**Your task:**
Return the records exactly, from the first line through the "Una femmina di" line.

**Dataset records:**
◇ ◇ ◇ ◇

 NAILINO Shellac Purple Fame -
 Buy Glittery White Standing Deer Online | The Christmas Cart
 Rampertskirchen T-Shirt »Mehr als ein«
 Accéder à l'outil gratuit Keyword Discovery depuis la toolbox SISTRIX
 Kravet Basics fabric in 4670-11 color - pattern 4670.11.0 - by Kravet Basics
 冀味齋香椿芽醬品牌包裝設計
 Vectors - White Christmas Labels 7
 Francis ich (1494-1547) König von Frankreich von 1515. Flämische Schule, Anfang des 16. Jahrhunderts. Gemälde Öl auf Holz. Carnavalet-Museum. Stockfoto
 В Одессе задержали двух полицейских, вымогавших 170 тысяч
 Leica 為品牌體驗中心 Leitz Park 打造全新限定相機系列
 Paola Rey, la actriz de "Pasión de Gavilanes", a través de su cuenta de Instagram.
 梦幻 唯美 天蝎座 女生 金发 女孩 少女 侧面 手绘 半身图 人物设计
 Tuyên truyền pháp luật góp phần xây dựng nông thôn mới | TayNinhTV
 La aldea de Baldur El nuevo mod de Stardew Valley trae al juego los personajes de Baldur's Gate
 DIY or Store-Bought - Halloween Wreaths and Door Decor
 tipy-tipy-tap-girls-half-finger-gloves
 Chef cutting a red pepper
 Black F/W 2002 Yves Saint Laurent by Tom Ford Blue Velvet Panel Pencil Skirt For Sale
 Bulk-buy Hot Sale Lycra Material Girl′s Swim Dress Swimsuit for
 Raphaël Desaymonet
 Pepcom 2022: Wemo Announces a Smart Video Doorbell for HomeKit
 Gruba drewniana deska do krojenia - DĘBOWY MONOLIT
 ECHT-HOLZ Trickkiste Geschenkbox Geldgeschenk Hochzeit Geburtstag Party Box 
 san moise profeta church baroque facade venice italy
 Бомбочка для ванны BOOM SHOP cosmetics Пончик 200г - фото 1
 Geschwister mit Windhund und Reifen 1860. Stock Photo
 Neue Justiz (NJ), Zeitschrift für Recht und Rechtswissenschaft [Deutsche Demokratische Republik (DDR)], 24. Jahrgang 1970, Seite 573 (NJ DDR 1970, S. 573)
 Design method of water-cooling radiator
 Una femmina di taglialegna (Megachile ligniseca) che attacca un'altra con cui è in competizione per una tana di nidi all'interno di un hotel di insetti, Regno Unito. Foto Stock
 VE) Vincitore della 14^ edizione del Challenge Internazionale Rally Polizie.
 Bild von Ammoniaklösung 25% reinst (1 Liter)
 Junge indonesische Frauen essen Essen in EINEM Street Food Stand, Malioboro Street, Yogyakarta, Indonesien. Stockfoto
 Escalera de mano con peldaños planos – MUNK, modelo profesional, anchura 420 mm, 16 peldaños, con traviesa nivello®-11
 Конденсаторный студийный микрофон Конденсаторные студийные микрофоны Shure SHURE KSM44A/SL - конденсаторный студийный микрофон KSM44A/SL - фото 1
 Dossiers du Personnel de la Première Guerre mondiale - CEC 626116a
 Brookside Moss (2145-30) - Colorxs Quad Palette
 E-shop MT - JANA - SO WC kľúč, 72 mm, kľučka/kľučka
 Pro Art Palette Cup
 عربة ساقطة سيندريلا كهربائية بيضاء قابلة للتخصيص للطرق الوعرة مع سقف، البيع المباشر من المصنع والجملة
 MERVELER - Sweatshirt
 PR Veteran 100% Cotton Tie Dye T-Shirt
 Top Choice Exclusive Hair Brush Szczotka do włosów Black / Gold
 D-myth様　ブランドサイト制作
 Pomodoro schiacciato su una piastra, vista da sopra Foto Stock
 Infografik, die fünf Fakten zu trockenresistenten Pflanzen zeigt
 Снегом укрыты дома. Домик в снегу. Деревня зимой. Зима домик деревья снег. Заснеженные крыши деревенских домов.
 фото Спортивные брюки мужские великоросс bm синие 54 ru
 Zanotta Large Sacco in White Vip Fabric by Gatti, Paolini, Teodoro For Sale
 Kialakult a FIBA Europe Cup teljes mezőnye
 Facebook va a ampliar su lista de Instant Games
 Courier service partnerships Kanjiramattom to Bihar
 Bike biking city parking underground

◇ ◇ ◇ ◇

**Written reply:**
 NAILINO Shellac Purple Fame -
 Buy Glittery White Standing Deer Online | The Christmas Cart
 Rampertskirchen T-Shirt »Mehr als ein«
 Accéder à l'outil gratuit Keyword Discovery depuis la toolbox SISTRIX
 Kravet Basics fabric in 4670-11 color - pattern 4670.11.0 - by Kravet Basics
 冀味齋香椿芽醬品牌包裝設計
 Vectors - White Christmas Labels 7
 Francis ich (1494-1547) König von Frankreich von 1515. Flämische Schule, Anfang des 16. Jahrhunderts. Gemälde Öl auf Holz. Carnavalet-Museum. Stockfoto
 В Одессе задержали двух полицейских, вымогавших 170 тысяч
 Leica 為品牌體驗中心 Leitz Park 打造全新限定相機系列
 Paola Rey, la actriz de "Pasión de Gavilanes", a través de su cuenta de Instagram.
 梦幻 唯美 天蝎座 女生 金发 女孩 少女 侧面 手绘 半身图 人物设计
 Tuyên truyền pháp luật góp phần xây dựng nông thôn mới | TayNinhTV
 La aldea de Baldur El nuevo mod de Stardew Valley trae al juego los personajes de Baldur's Gate
 DIY or Store-Bought - Halloween Wreaths and Door Decor
 tipy-tipy-tap-girls-half-finger-gloves
 Chef cutting a red pepper
 Black F/W 2002 Yves Saint Laurent by Tom Ford Blue Velvet Panel Pencil Skirt For Sale
 Bulk-buy Hot Sale Lycra Material Girl′s Swim Dress Swimsuit for
 Raphaël Desaymonet
 Pepcom 2022: Wemo Announces a Smart Video Doorbell for HomeKit
 Gruba drewniana deska do krojenia - DĘBOWY MONOLIT
 ECHT-HOLZ Trickkiste Geschenkbox Geldgeschenk Hochzeit Geburtstag Party Box 
 san moise profeta church baroque facade venice italy
 Бомбочка для ванны BOOM SHOP cosmetics Пончик 200г - фото 1
 Geschwister mit Windhund und Reifen 1860. Stock Photo
 Neue Justiz (NJ), Zeitschrift für Recht und Rechtswissenschaft [Deutsche Demokratische Republik (DDR)], 24. Jahrgang 1970, Seite 573 (NJ DDR 1970, S. 573)
 Design method of water-cooling radiator
 Una femmina di taglialegna (Megachile ligniseca) che attacca un'altra con cui è in competizione per una tana di nidi all'interno di un hotel di insetti, Regno Unito. Foto Stock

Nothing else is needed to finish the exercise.